| The problem |
Copy the listing exactly; drop the pictures.

| Dataset section |
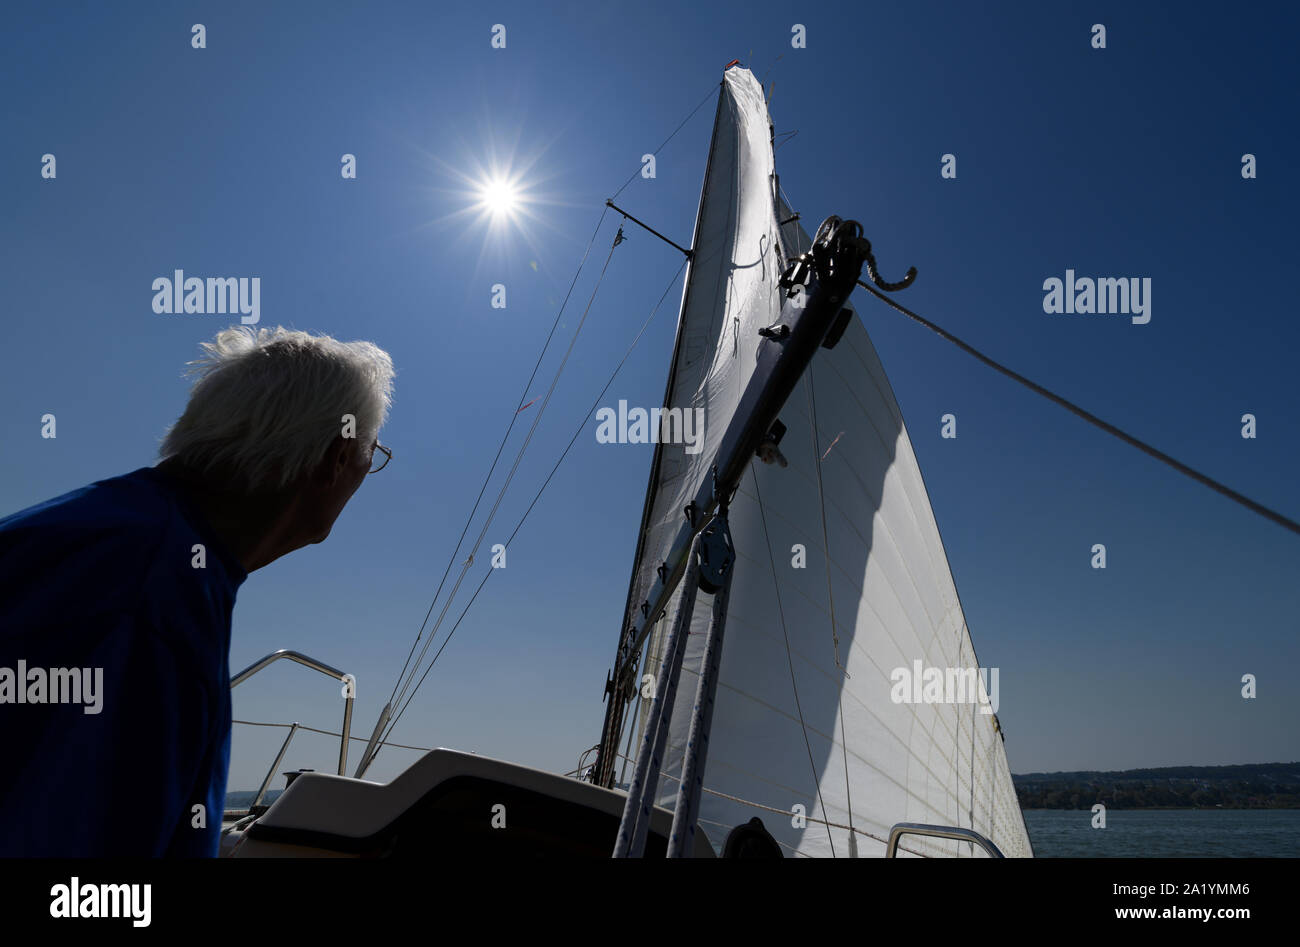 Active senior sailer enjoying sailing boat trip on his sailboat Stock Photo
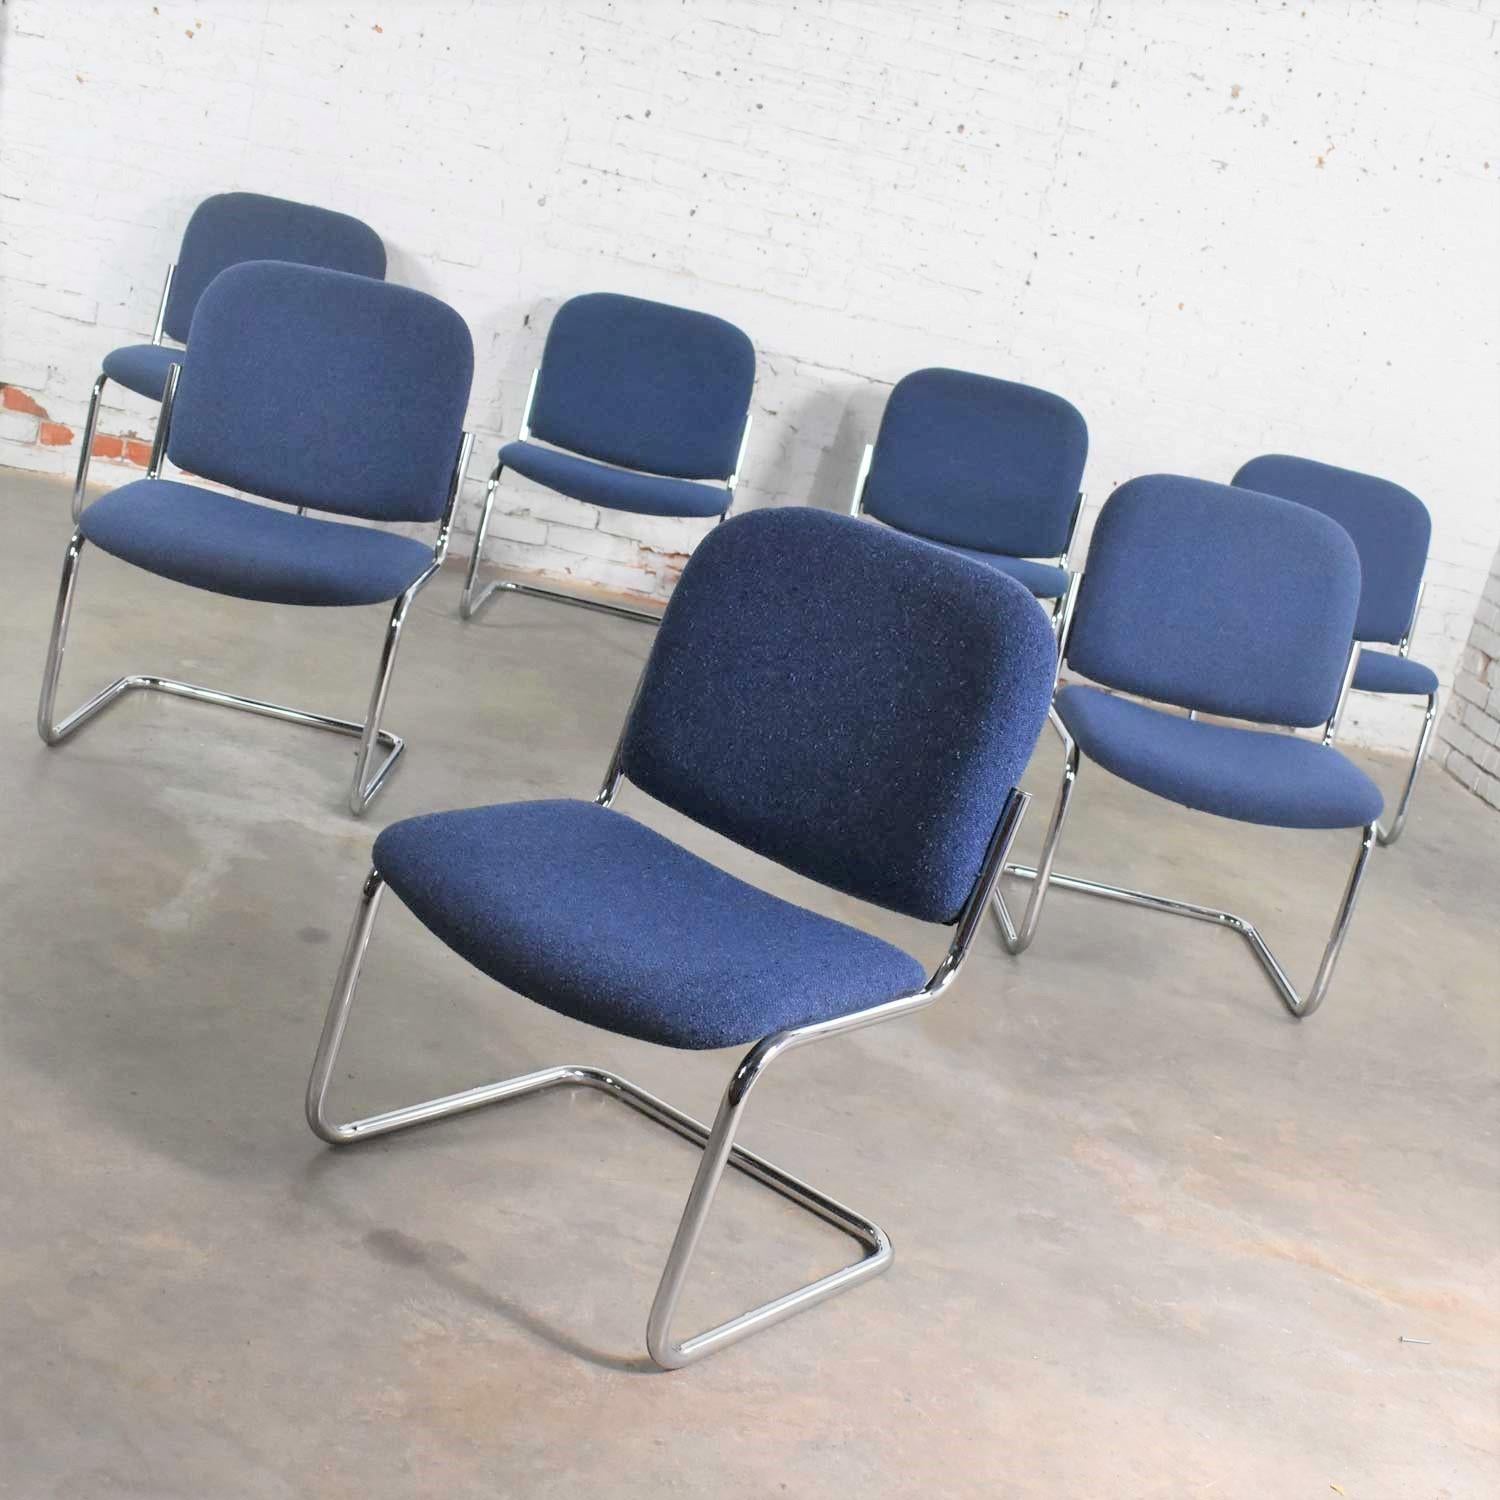 Awesome Vintage Freischwinger rohrförmigen Chrom und blau hopsack Stoff gepolstert Lounge-Stühle in einem Slipper-Stil ohne Arme. Sie sind in der Art von Thonet, dem Cesca-Stuhl und vielen anderen Chromrohr-Freischwingern der Bauhaus-Ära. Es ist ein
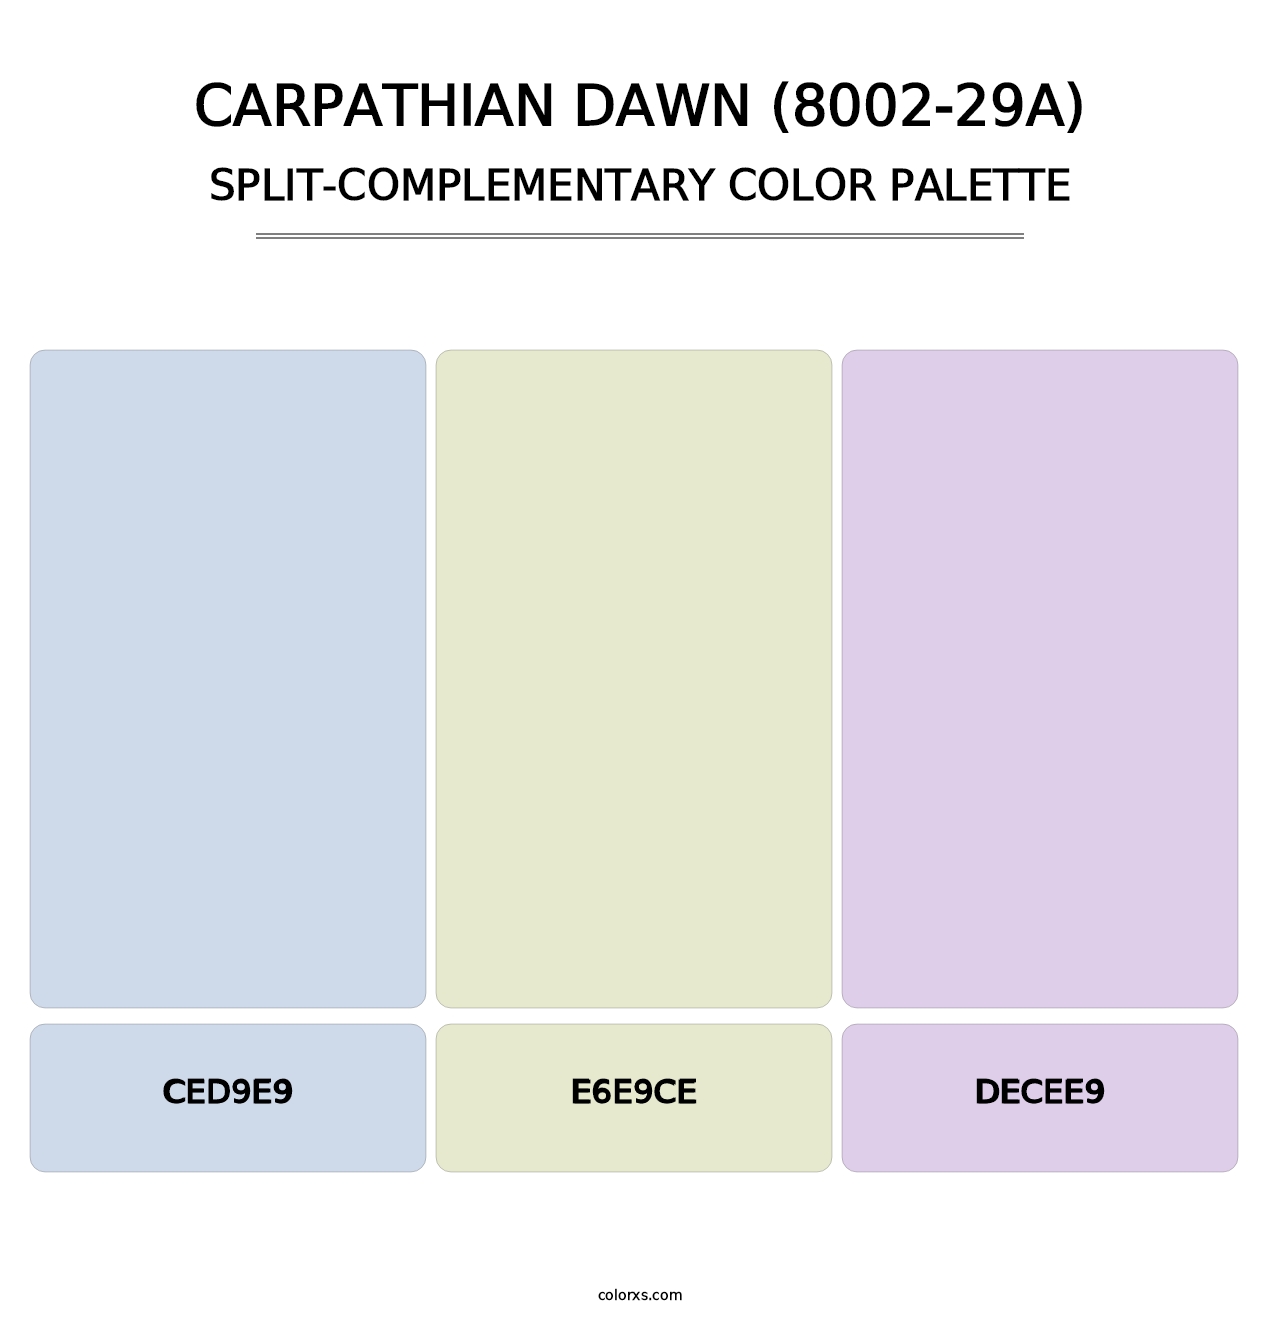 Carpathian Dawn (8002-29A) - Split-Complementary Color Palette

| Task result |
 Active senior sailer enjoying sailing boat trip on his sailboat Stock Photo
 Awesome Vintage Freischwinger rohrförmigen Chrom und blau hopsack Stoff gepolstert Lounge-Stühle in einem Slipper-Stil ohne Arme. Sie sind in der Art von Thonet, dem Cesca-Stuhl und vielen anderen Chromrohr-Freischwingern der Bauhaus-Ära. Es ist ein
 Carpathian Dawn (8002-29A) - Split-Complementary Color Palette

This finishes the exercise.